The benefits of squaring include:
- Squaring always gives a non-negative value, so the sum will always be zero or higher.
- Squaring emphasizes larger differences, a feature that turns out to be both good and bad (think of the effect outliers have).
Squaring however does have a problem as a measure of spread and that is that the units are all squared, whereas we might prefer the spread to be in the same units as the original data (think of squared pounds, squared dollars, or squared apples). Hence the square root allows us to return to the original units.
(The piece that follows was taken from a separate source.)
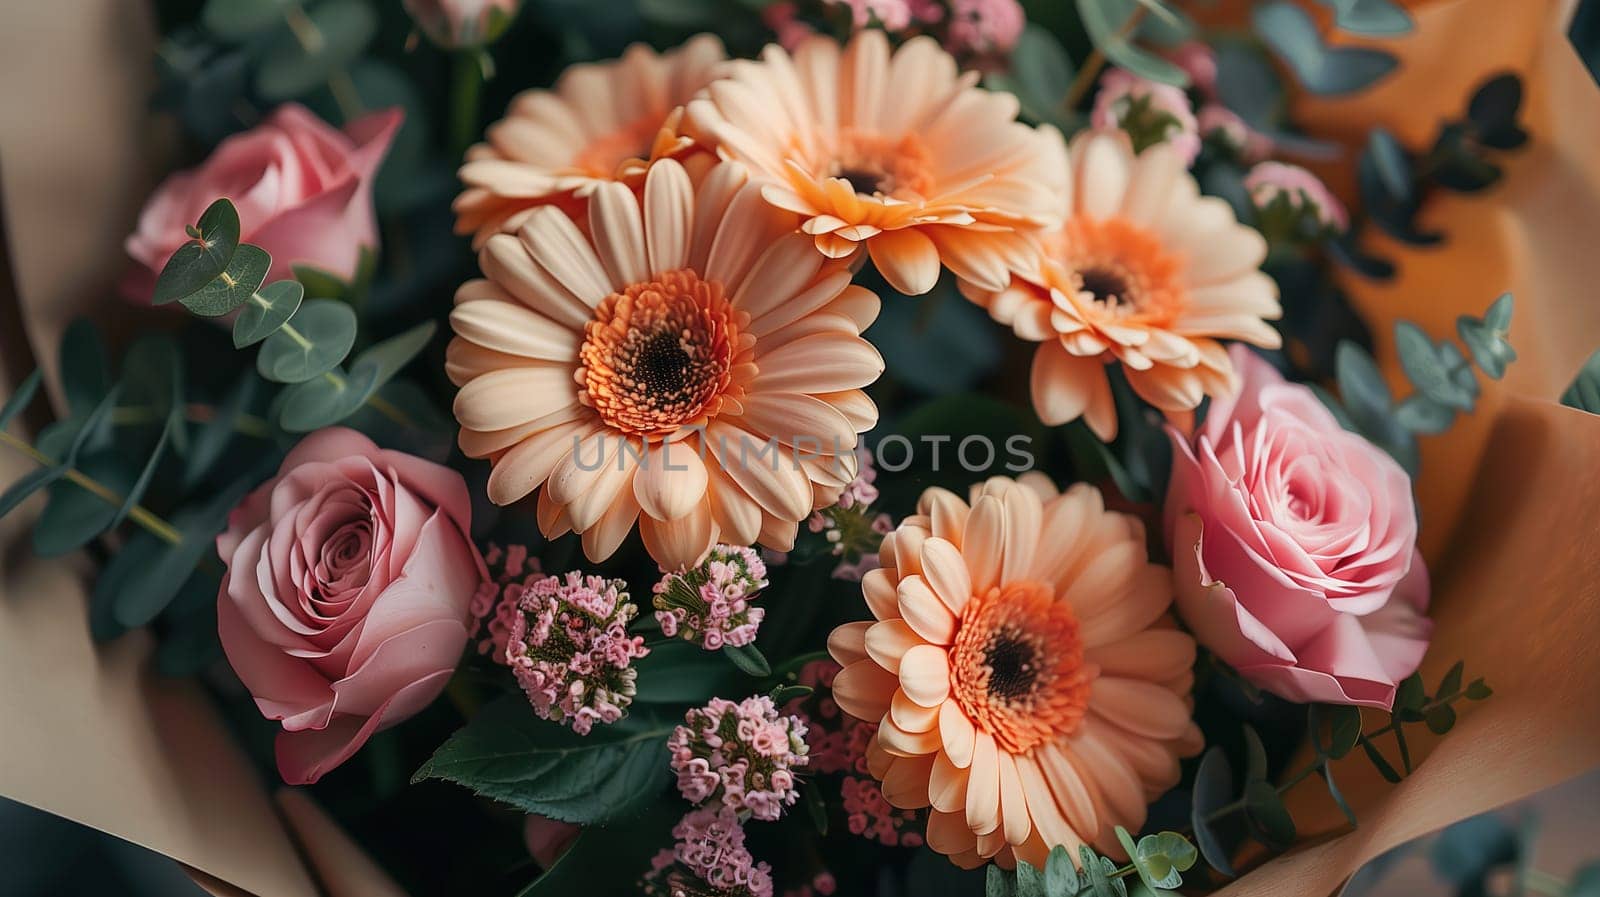 A bouquet of pink and orange flowers rests on top of a wooden table, showcasing the vibrant colors of the blooms against the neutral backdrop. The flowers are neatly arranged in a harmonious display, adding a touch of beauty to the room.

I suppose you could say that absolute difference assigns equal weight to the spread of data whereas squaring emphasises the extremes. Technically though, as others have pointed out, squaring makes the algebra much easier to work with and offers properties that the absolute method does not (for example, the variance is equal to the expected value of the square of the distribution minus the square of the mean of the distribution)
It is important to note however that there's no reason you couldn't take the absolute difference if that is your preference on how you wish to view 'spread' (sort of how some people see 5% as some magical threshold for $p$-values, when in fact it is situation dependent). Indeed, there are in fact several competing methods for measuring spread.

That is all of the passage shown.